We, humans, crave praise and despise disappointing those who have faith in us. When we praise someone’s reputation, we can take advantage of both of these facts: our words of praise reward them for what they’ve already accomplished while simultaneously setting a high bar for future accomplishments.

To put it another way, if you want someone to develop a certain trait, talk to them as if they already have it. Praise your child for sharing with others if you want her to be more generous. Establish a positive image of her as a generous and giving child.

When Dr. Martin Fitzhugh observed that his office cleaner’s standards were dropping, he utilized this strategy. The dentist’s metal cup holder was filthy, according to a patient. Even if it was only the cup holder, it was a mistake that made Dr. Fitzhugh appear unprofessional.
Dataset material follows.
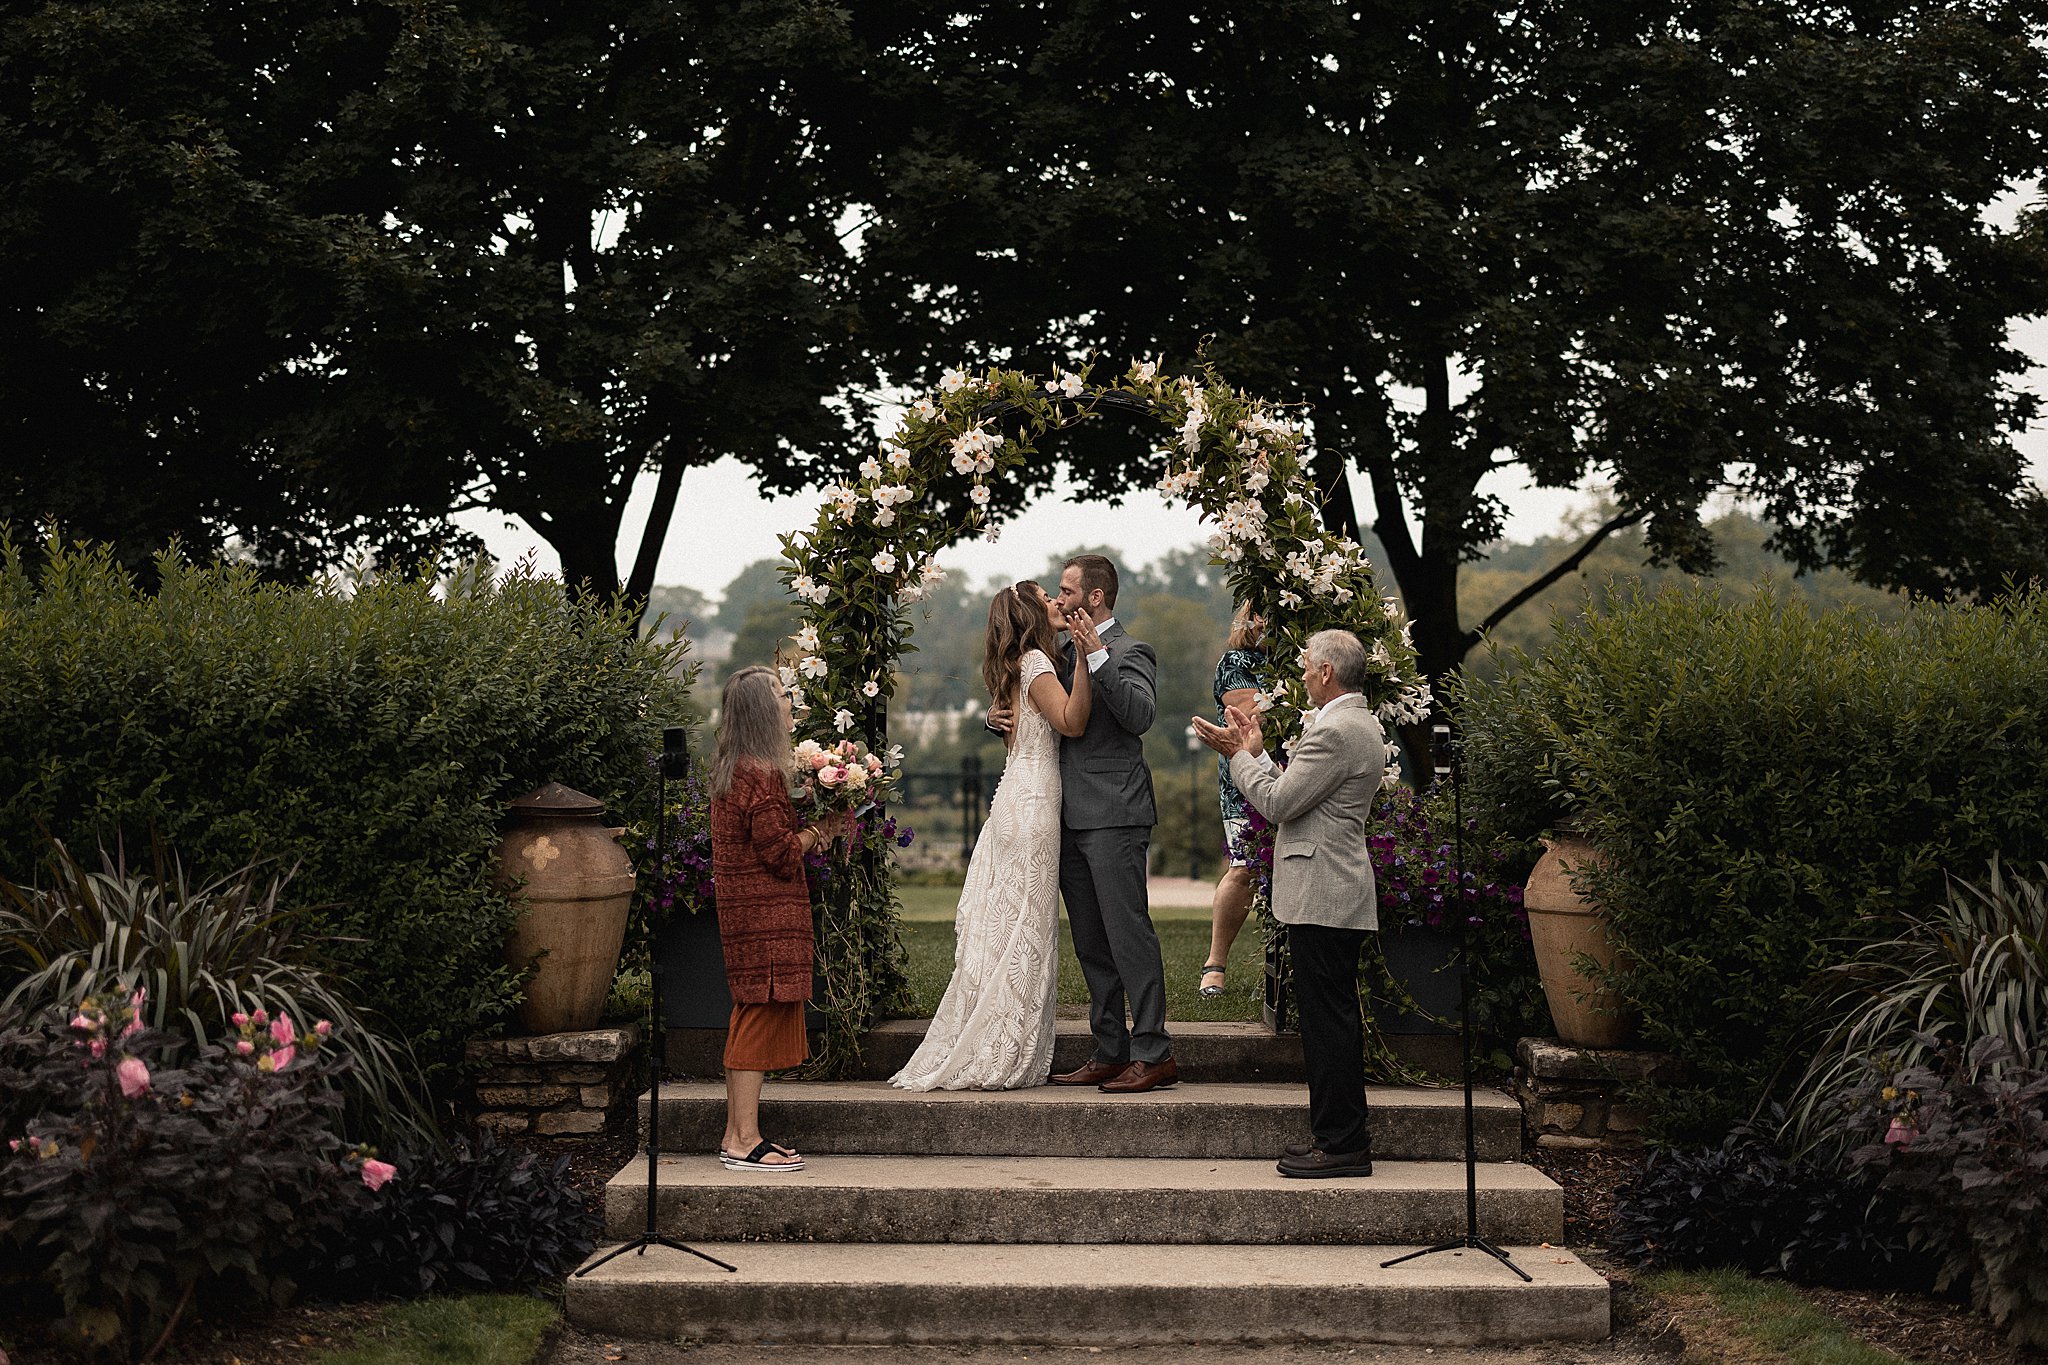 Bride & groom kiss in garden ceremony with two people and judge

Rather than reprimanding his cleaner, he wrote her a kind and appreciative note, thanking her for her hard work and praising her efforts. Then, as a side note, he stated that if she needed to work longer on occasion — to take care of tiny things like the cupholder – he could pay her extra.

What’s the result? The cleaner’s work improved dramatically after that, and she never had to work overtime again.

Praise and letting others know how much you value their work is nice, but it’s also a smart method to ensure that they’ll try just as hard in the future. If you can make it a habit and combine it with the other suggestions in these blinks, you’ll find it much easier to establish new friends and improve old ones in no time.